The snmp thing is nothing per this thread: https://forum.proxmox.com/threads/s...-in-proc-net-snmp-237-224.146957/#post-677327

The iDRAC logs indicate this was either button (it isn't) or user initiated:
1733006427879.png

There is no communication except from the other nodes, this is at midnight and I am not awake, and I cannot figure out what is triggering these reboots. Any advice is appreciated.
 
I want to further relay some discovery here as I think I have uncovered the root cause, however I still think there is an issue. We were having reboots every 3 days or less, however after discovering and resolving the issue, I have had over 8 days of uptime.

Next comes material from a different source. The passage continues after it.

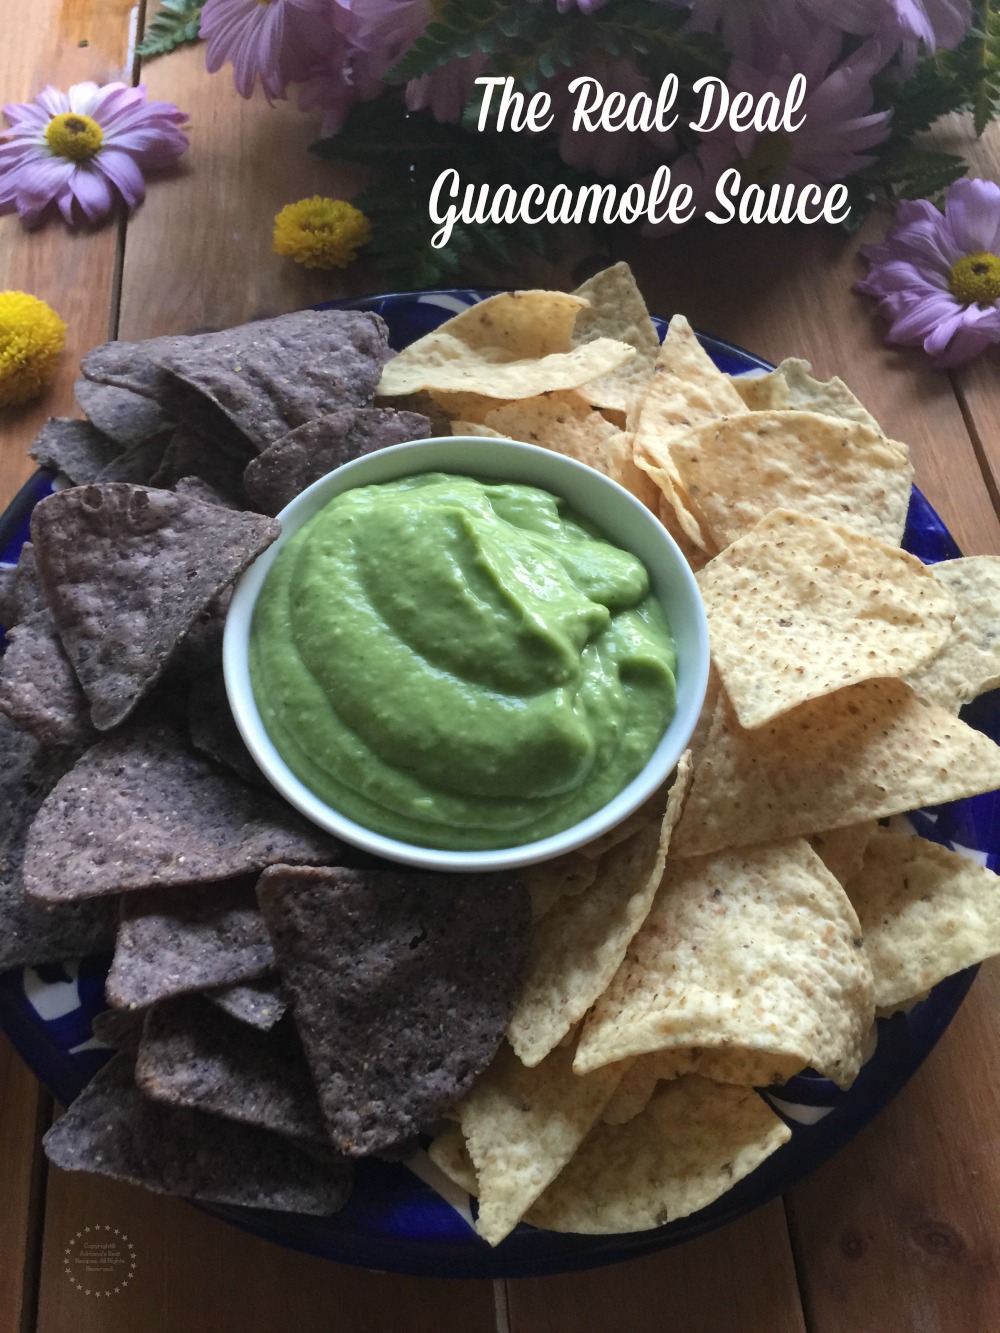 This is the real deal guacamole sauce. Made with Mexican hass avocados, tomatillos, serrano chiles, cilantro and garlic

This system has 2 2.5G NICS, which are bonded in an LACP LAG that go to my switch. As it turns out, the switch had a bad port that would not disconnect, but would randomly change its speed to 100. I believe that these speed changes would cause the "pve-ha-crm[4366]: loop take too long" which most often preceded the reboots.

I moved the LAG to 2 new ports on the switch, and both the speed and the server have been stable since. That being said, I still think this behavior is a bug. While the speed change is significant, (essentially 5G -> 200M) this should NOT result in a fencing and reboot with no description in the log. It should raise an alert, but this should not have been a reboot condition.